FIG. 10 is a cross-sectional view of a portion of a semiconductor wafer at a processing step subsequent to that shown in FIG. 9;

FIG. 11 is a cross-sectional view of a portion of a semiconductor wafer at a processing step subsequent to that shown in FIG. 10;

FIG. 12 is a cross-sectional view of a portion of a semiconductor wafer at a processing step subsequent to that shown in FIG. 11;

FIG. 13 is a cross-sectional view of a portion of a semiconductor wafer at a processing step subsequent to that shown in FIG. 12;

FIG. 14 is a cross-sectional view of a portion of a semiconductor wafer at a processing step subsequent to that shown in FIG. 13;

FIG. 15 is a cross-sectional view of a portion of a semiconductor wafer at a processing step subsequent to that shown in FIG. 14;

FIG. 16 is a cross-sectional view of a portion of a semiconductor wafer at a processing step subsequent to that shown in FIG. 15;

FIG. 17 is a cross-sectional view of a portion of an alternate semiconductor wafer;

FIG. 18 is a cross-sectional view of a portion of an alternate semiconductor wafer;

FIG. 19 illustrates a pair of complementary digit lines of the memory of FIG. 1;

FIG. 20 illustrates a pair of complementary digit lines and reference cells of an embodiment of the memory of FIG. 1;

FIG. 21 is a simplified timing diagram of operation of an embodiment of the memory of FIG. 20;

FIG. 22 is another simplified timing diagram of operation of an embodiment of the memory of FIG. 20;

FIG. 23 illustrates a pair of complementary digit lines and bias circuitry of an embodiment of the memory of FIG. 1;

FIG. 24 is a simplified timing diagram of operation of an embodiment of the memory of FIG. 23; and

FIG. 25 illustrates a pair of complementary digit lines and with isolated sense amplifier of an embodiment of the memory of FIG. 1.

In the following detailed description of the invention, reference is made to the accompanying drawings that form a part hereof, and in which is shown, by way of illustration, specific embodiments in which the invention may be practiced.

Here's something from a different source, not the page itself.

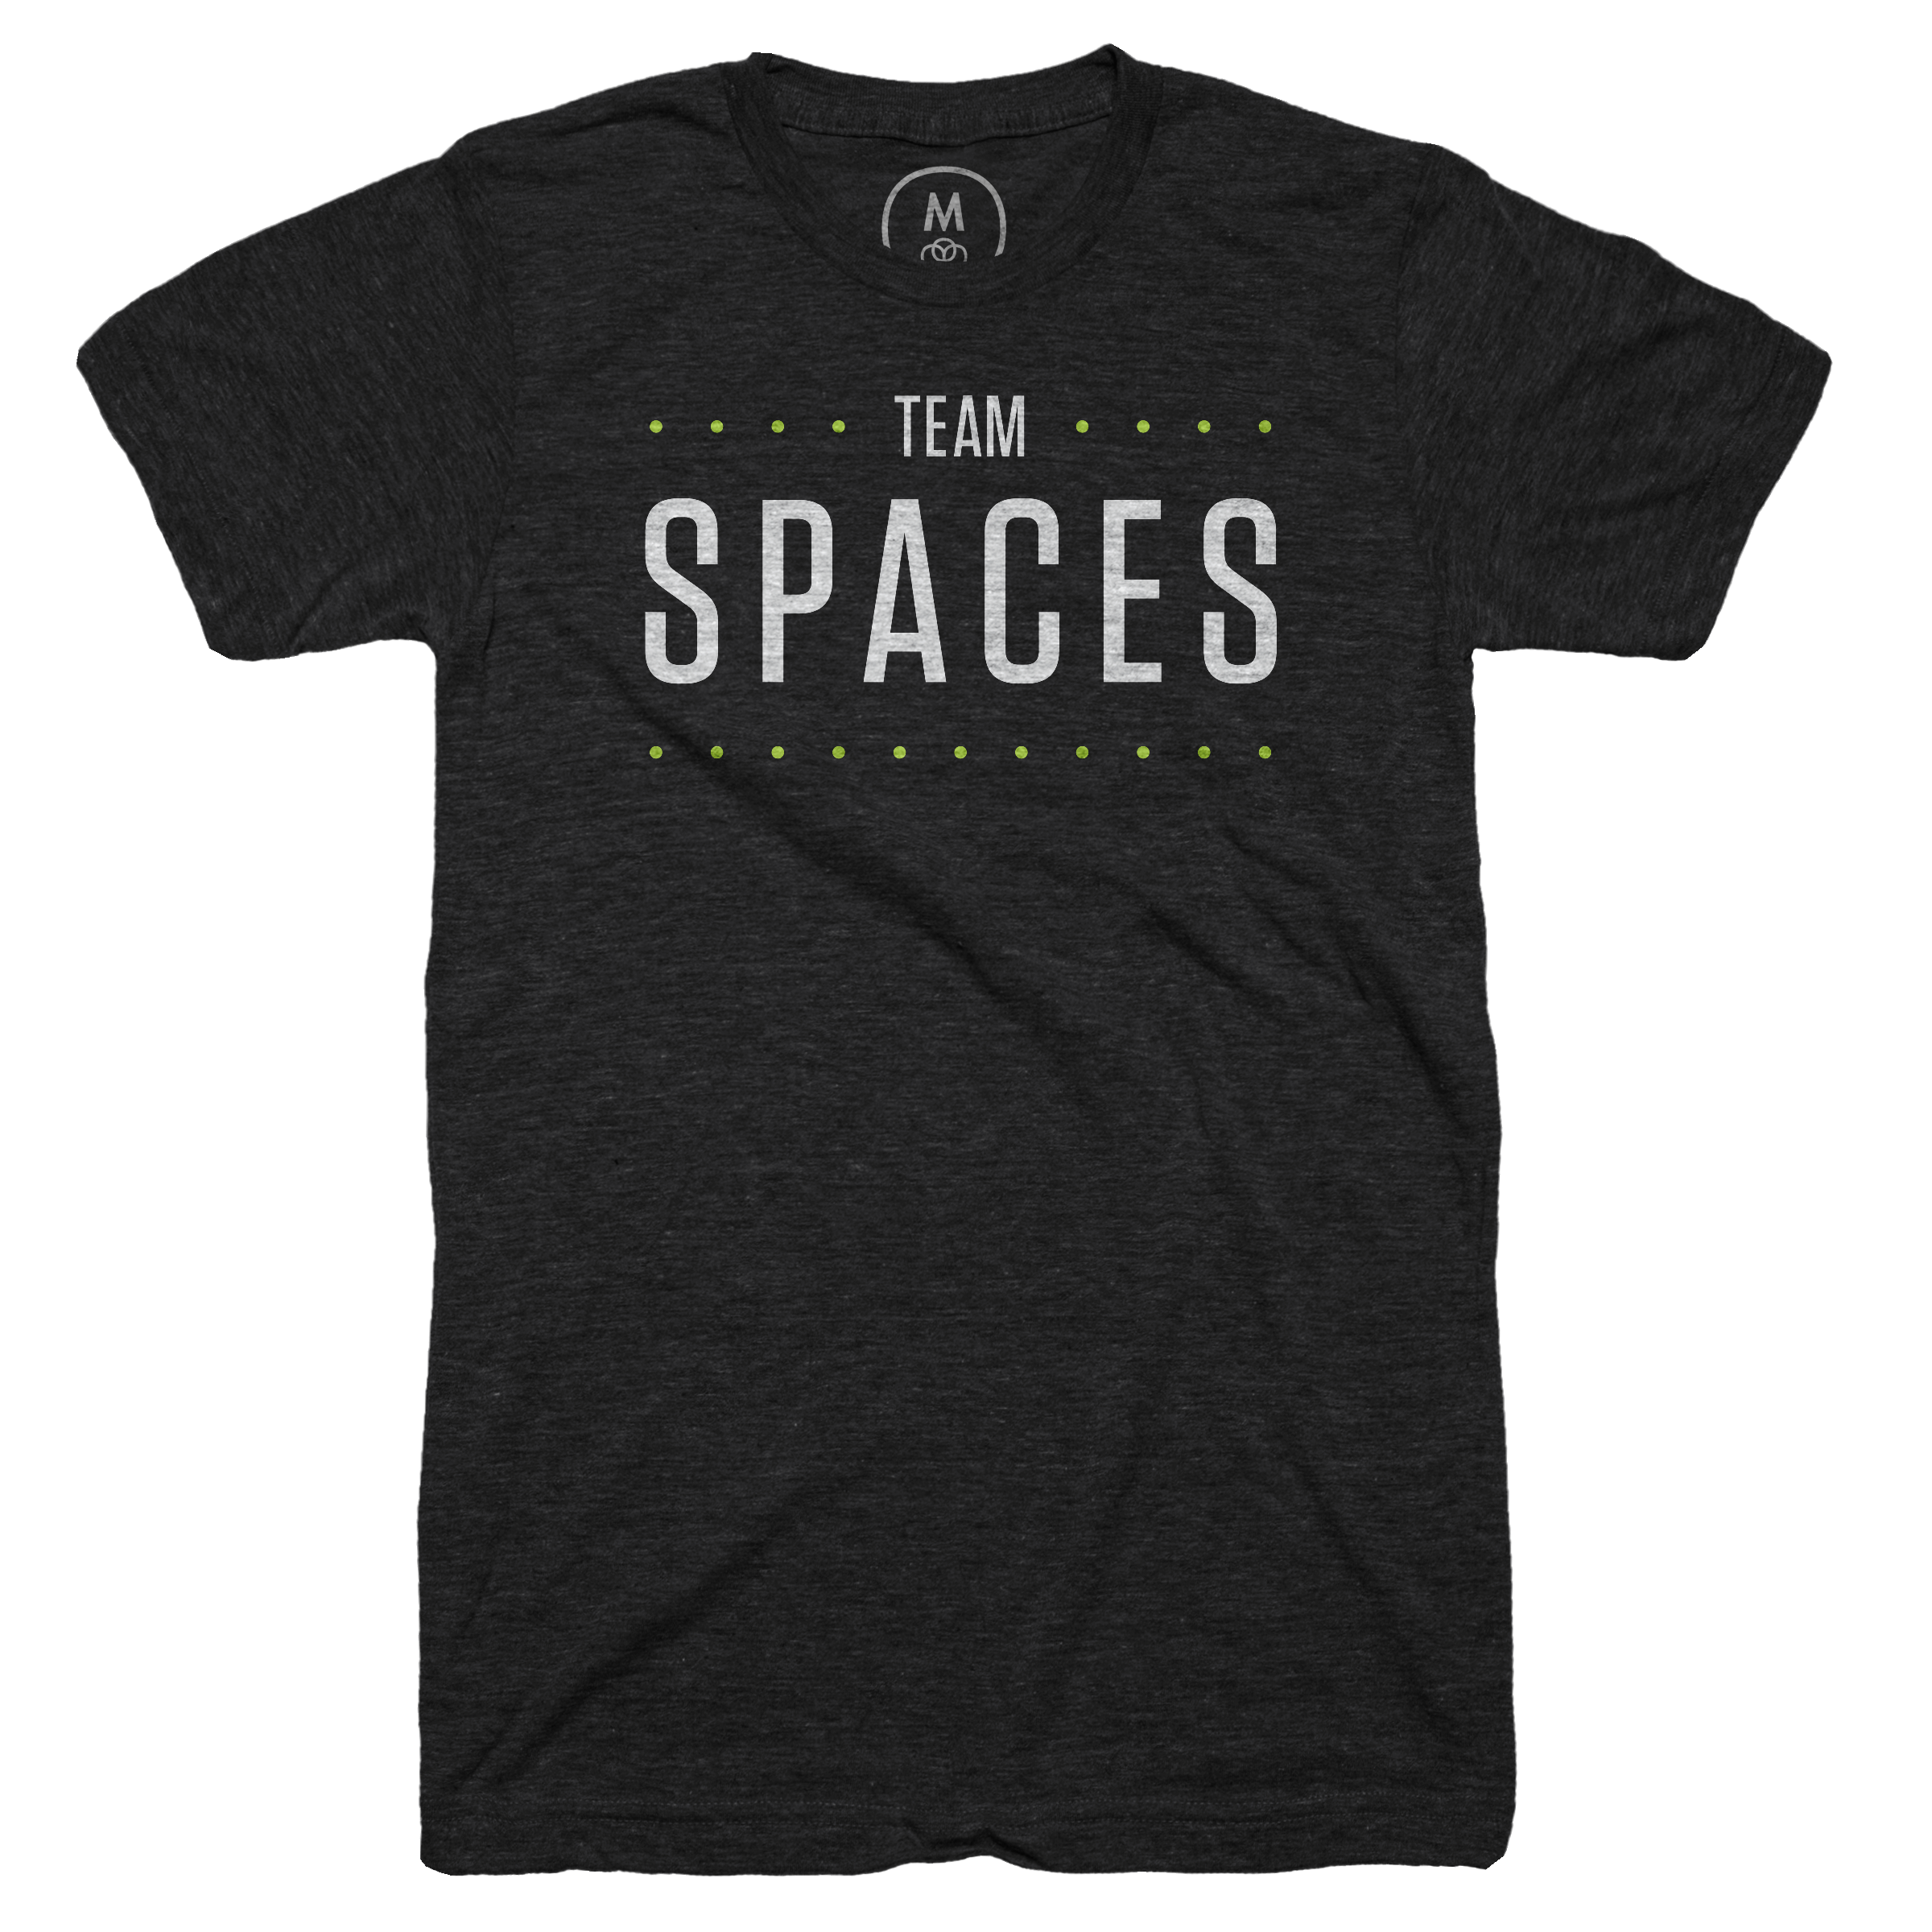 Team Spaces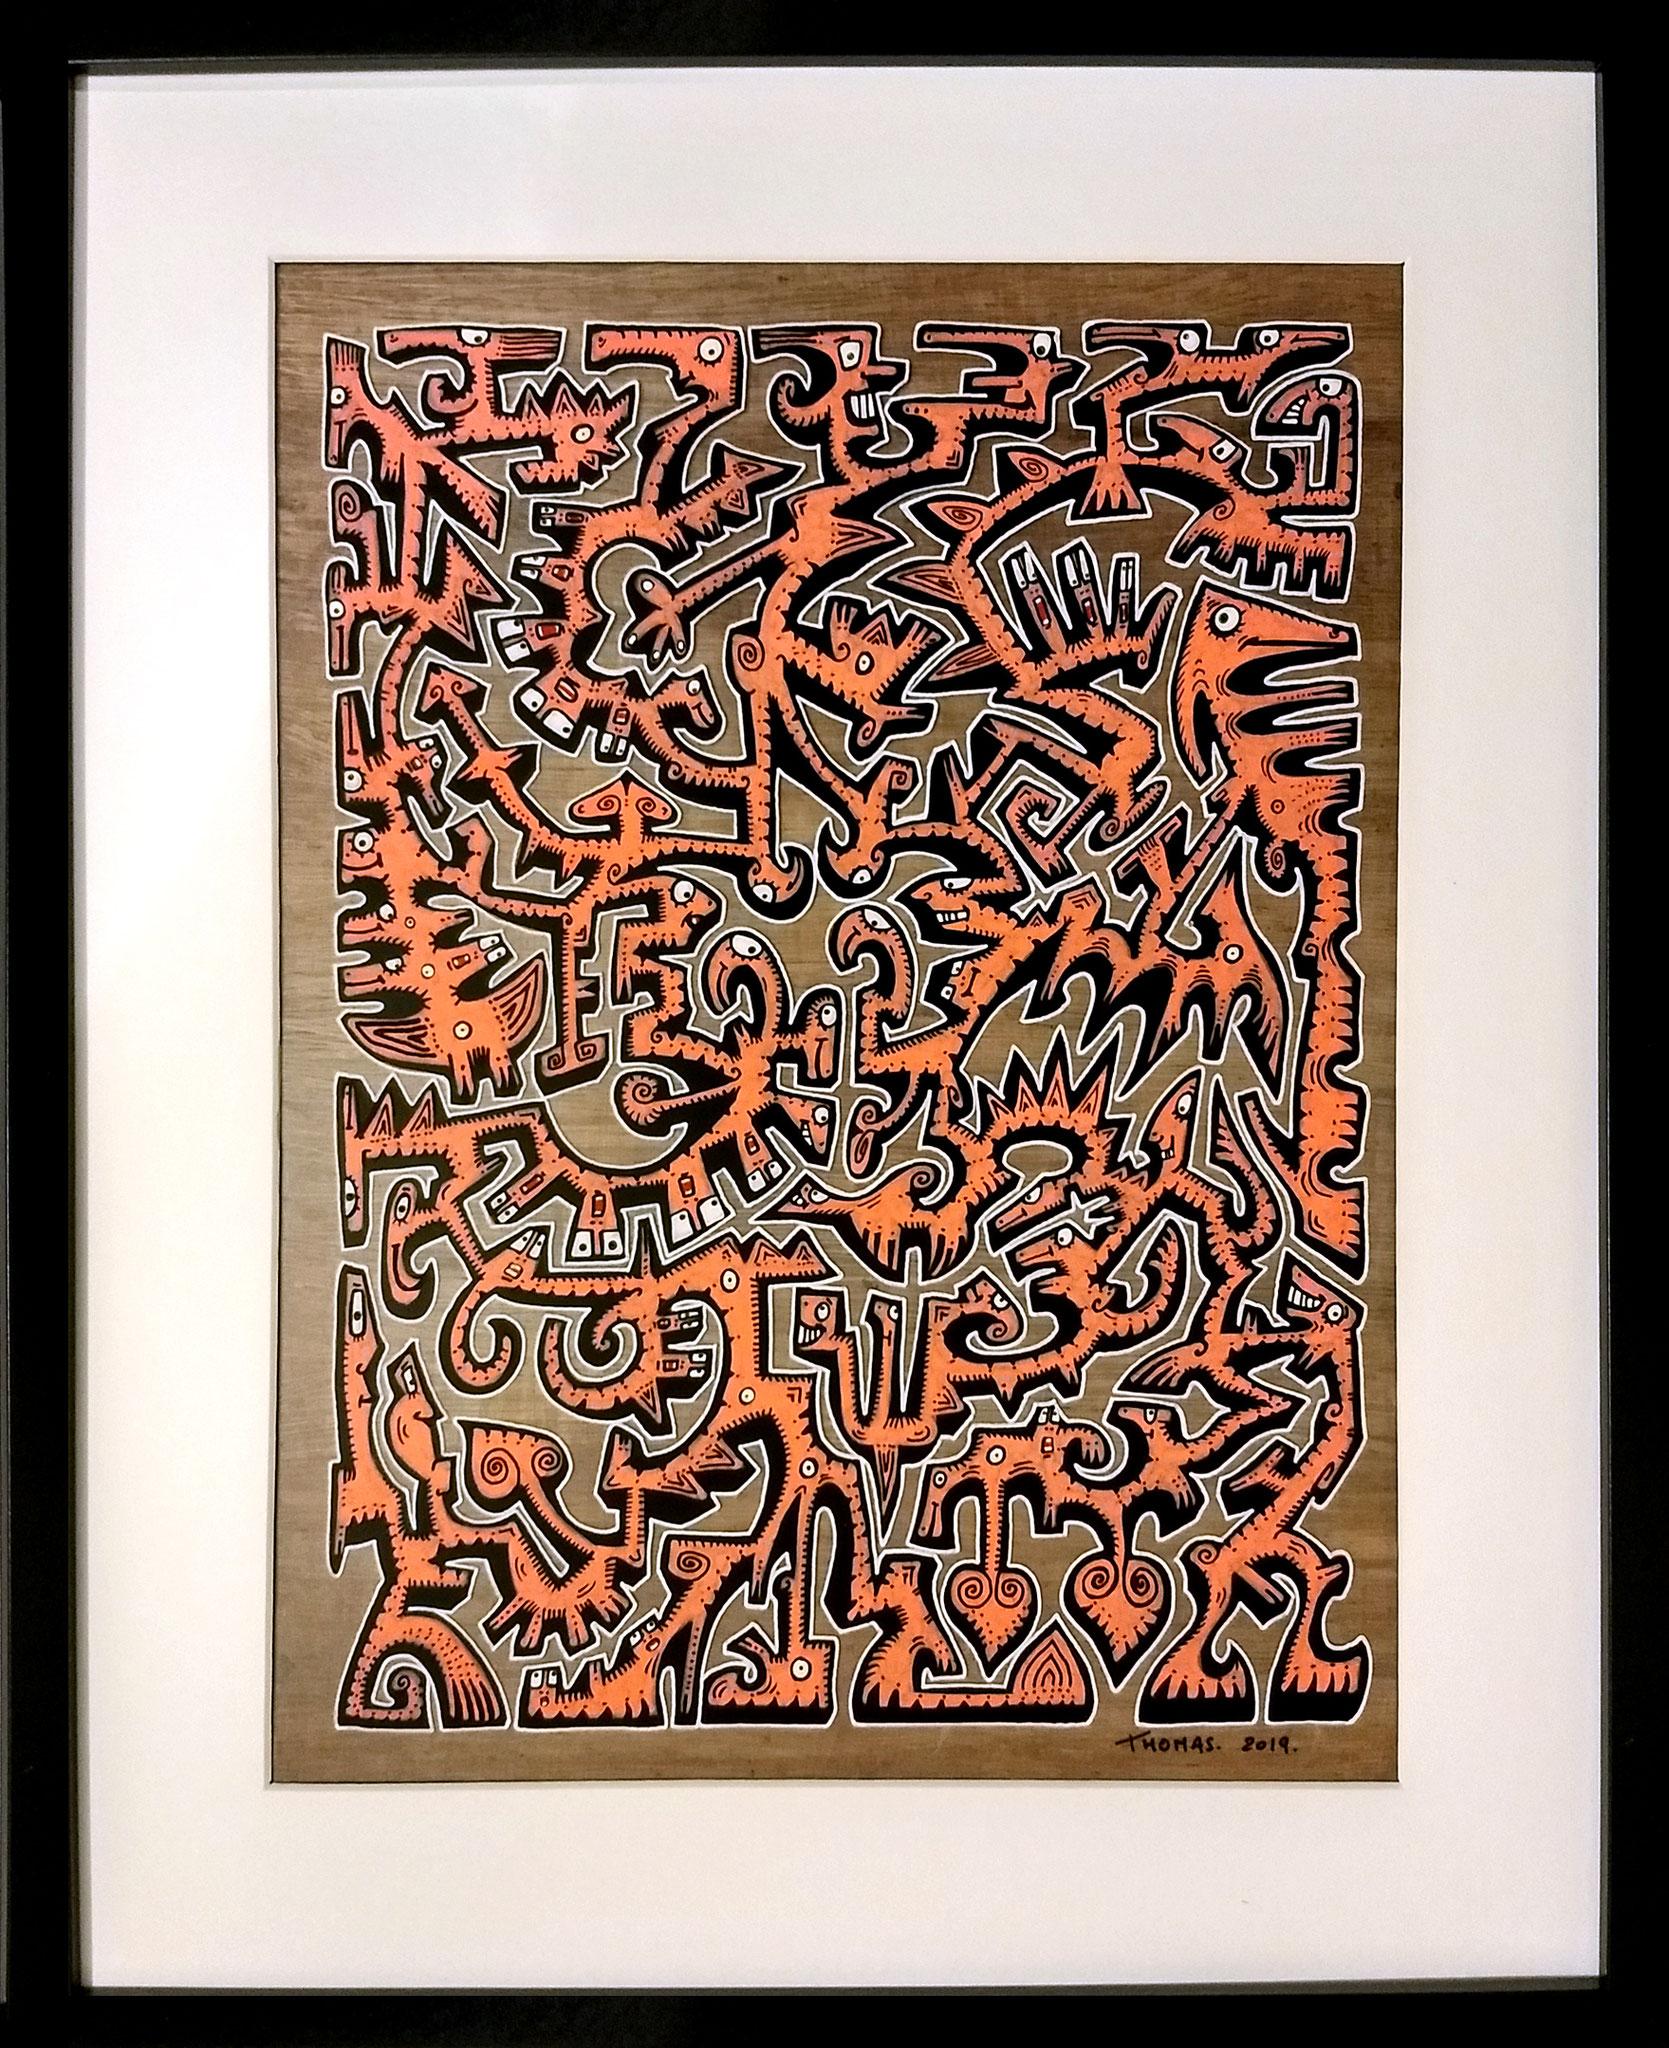 Titre : MT2/ feutres acrylique sur pvc transparent/ fond papyrus antique/format avec cadre : 52.5/42 cm/ prix : 90 euros

In the drawings, like numerals describe substantially similar components throughout the several views. These embodiments are described in sufficient detail to enable those skilled in the art to practice the invention. Other embodiments may be utilized and structural, logical, and electrical changes may be made without departing from the scope of the present invention. The terms wafer and substrate used in the following description include any structure having an exposed surface with which to form the integrated circuit (IC) structure of the invention. The term substrate is understood to include semiconductor wafers. The term substrate is also used to refer to semiconductor structures during processing, and may include other layers that have been fabricated thereupon. Both wafer and substrate include doped and undoped semiconductors, epitaxial semiconductor layers supported by a base semiconductor or insulator, as well as other semiconductor structures well known to one skilled in the art. The term conductor is understood to include semiconductors, and the term insulator is defined to include any material that is less electrically conductive than the materials referred to as conductors. The following detailed description is, therefore, not to be taken in a limiting sense, and the scope of the present invention is defined only by the appended claims, along with the full scope of equivalents to which such claims are entitled.

Referring to FIG. 1, a simplified block diagram of a ROM embedded DRAM 100 of the present invention is described. The memory device can be coupled to a processor 110 for bi-directional data communication. The memory includes an array of memory cells 112. The array includes a dynamic (DRAM) portion 120 and a read only (ROM) portion 122. The ROM array is "embedded" in the dynamic memory and may include some dynamic cells. Control circuitry 124 is provided to manage data storage and retrieval from the array in response to control signals 140 from the processor. Address circuitry 126, X-decoder 128 and Y-decoder 130 analyze address signals 142 and storage access locations of the array. Sense circuitry 132 is used to read data from the array and couple output data to I/O circuitry 134. The I/O circuitry operates in a bi-directional manner to receive data from processor 110 and pass this data to array 112. It is noted that the sense circuitry may not be used in some embodiments to store the input data.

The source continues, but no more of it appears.